Eww, they have weird things hanging off their heads


----------



## New-goat-mom (May 21, 2017)

Rofl... those are called ears. You can consider it like...ohhhh...a beauty mark. Only the most incredible goaties are given those!


----------



## mariarose (Oct 23, 2014)

You guys crack me up! Too witty for me.

Hey there little ones!
:holidaywelcome:


----------



## New-goat-mom (May 21, 2017)

They said to tell you hi, Maria!


----------



## Korita (Jan 11, 2018)

Oh my gosh that makes me so happy!!!!! Way to go Eliza!!!!! Welcome to the March 6th birthday club little ones :happygoat:
:run:
I told Lucy that Eliza listened and had her babies yesterday on my birthday. Why didn’t she have hers yet? ....... She looked at me with a RBF and started chewing her cud as if she didn’t care at all. Ha ha 

I hope Eliza is feeling well and gets the hang of the momma thing. And those ears on that buck! :hubbahubba: So cute!!!!!


----------



## New-goat-mom (May 21, 2017)

@Korita the babies said tell you happy shared birthday!!!
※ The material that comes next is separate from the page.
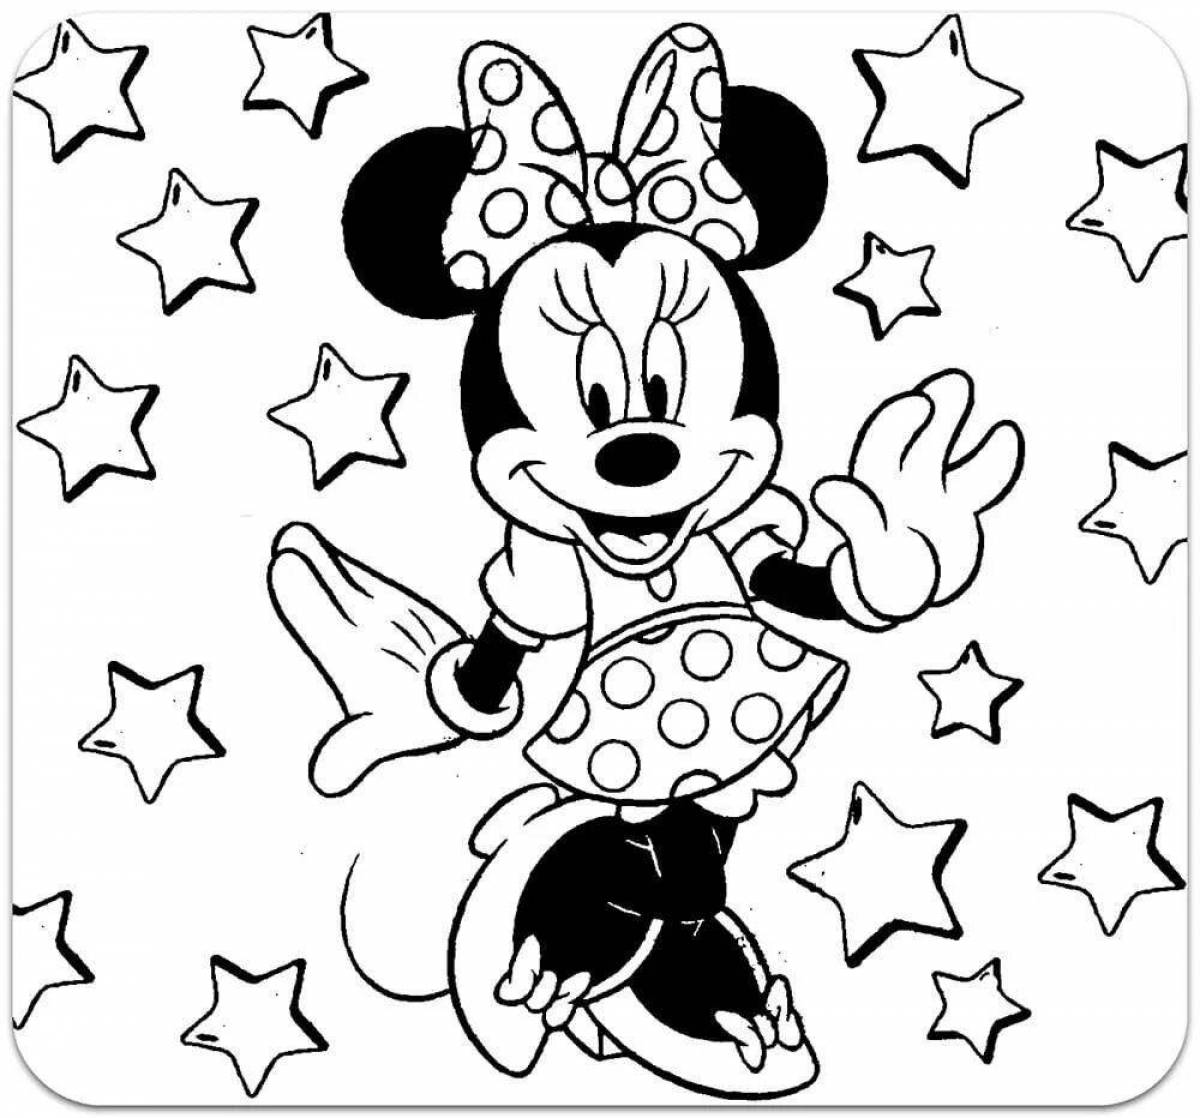 Bright mickey mouse coloring book

If it helps any, Eliza not only chewed her cud through the entire delivery, she grabbed a bite to eat between contactions and even between kids! Lol I never stopped feeling and seeing the babies move, either. So hopefully Lucy will be going VERY soon.
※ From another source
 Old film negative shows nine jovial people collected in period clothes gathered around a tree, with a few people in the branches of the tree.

I gotta admit, the second he was born I squealed THOSE EARS!!! Now if I could just turn him into a doe! Lol


----------



## singinggoatgirl (Apr 13, 2016)

So stinking adorable! So glad she listened! lol


----------



## New-goat-mom (May 21, 2017)

Thank you. I am pretty much in love with them!


----------



## Suzanne_Tyler (Jul 19, 2014)

They are so cute!!


----------



## New-goat-mom (May 21, 2017)

Thank you!


----------



## groovyoldlady (Jul 21, 2011)

They are ABSOLUTELY adorable!:hbd:



goathiker said:


> Eww, they have weird things hanging off their heads


No aliens for NewGoatMom.  I have LaManchas and my husband says the newborn kids look like 4 long legs with 2 butts.


----------



## New-goat-mom (May 21, 2017)

Thank you! 

I love ears. Long, floppy ears! And I love no ears. I kinda think I just love goats. Lol

Thats too funny about the 4 legs and two butts! :lolgoat:


----------



## toth boer goats (Jul 20, 2008)

So cute..


----------



## New-goat-mom (May 21, 2017)

Thank you!


----------



## goat girls (Dec 13, 2017)

goathiker said:


> Eww, they have weird things hanging off their heads





New-goat-mom said:


> Rofl... those are called ears. You can consider it like...ohhhh...a beauty mark. Only the most incredible goaties are given those!


I must agree only the most incredible goats are given ear. Although there is a exception named Licorice they sweetest gopher eared Lamancha.


----------



## capracreek (Apr 5, 2016)

Pretty darn cute!


----------